Source: Samuel Girvin/ Unsplash/ Licensed Under CC BY 2.0


The second reason concerns the perceptions of fairness and trust, which are especially meaningful in times of turmoil. Consumers expect the brands they’ve been buying and the stores they have been patronizing for years or even decades to behave honorably and refrain from taking advantage.

In this sense, they may be more tolerant of paying an inflated price to some unknown opportunistic seller on eBay or Craigslist than paying these same prices at Kroger or Walmart. If a familiar brand raises prices, consumers' outrage will stem not from having to shell out a few extra dollars but more from a sense of betrayal and disappointment because the seller violated the fundamental relational norms of fairness and reciprocity.

In the United States, manufacturer brands like Clorox and Lysol don’t control the final prices that consumers pay for their products. Their products pass through complex distribution channels (from the factory to distributors to wholesalers, then to retailers) to get into consumers’ hands.
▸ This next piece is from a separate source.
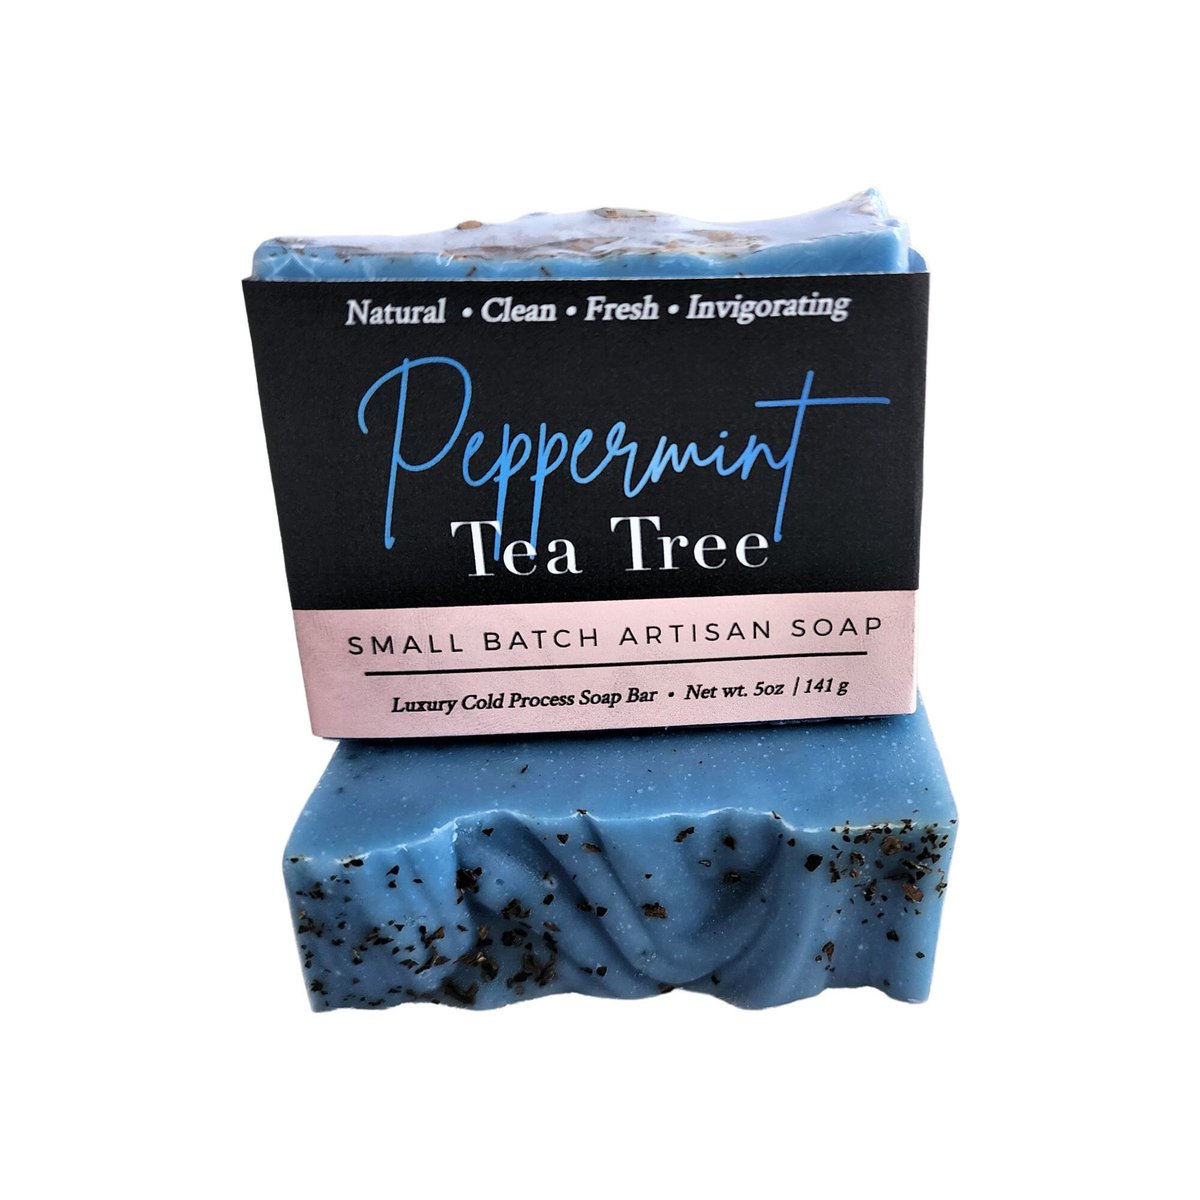 Mint Soap, Tea Tree Soap, Peppermint Soap, Organic Soap, Vegan Soap, Natural Soap, Cold Process Soap, Soap Gift, Soap for men, Blue Soap tuppu.net/a8dc1277 #soap #selfcare #Christmasgifts #gifts #DeShawnMarie #Soapgift #shopsmall #Etsy #TeaTreeSoap

During the process, there is ample opportunity for enterprising (and unethical) individuals to purchase these items in bulk and resell them at whatever price they choose through platforms like eBay, Facebook Marketplace, and Craigslist.

For example, suppose someone lists three cans of Lysol disinfectant spray on eBay for $1,358 (plus $13 shipping) as actually happened in early April. Lysol can’t do anything directly about it beyond condemning this behavior. If consumers don’t understand who determines the final price, they may see the high prices of Lysol as a sign that the company is exploiting them. This would harm the brand’s reputation and future value significantly.

So, it is crucial for manufacturer brands to maintain pre-pandemic prices and actively and vocally denounce indiscriminate price increases and price gouging by resellers. For instance, Clorox has articulated its position as follows:

“As a company, we are focused on doing everything feasible to maximize the supply of disinfecting products to serve consumers, healthcare workers and our communities in the face of demand like we have never seen. And we also want to ensure that everyone has access to our disinfecting products at standard prices. We are taking aggressive action to combat third-party price gouging.”


When the demand for their products and services went up dramatically during the pandemic, few reputed brands increased their prices directly. Channel members, resellers, and opportunistic sellers were far more likely to raise prices indiscriminately and attempt to earn a quick profit. Smart brands employed nuanced and creative pricing strategies that allowed them to gain some economic benefit but forgo a significant portion of the additional profit they could have pocketed because consumers suddenly placed a higher value on their offerings. Their primary interests lay in maintaining their reputations and relationships with their customers.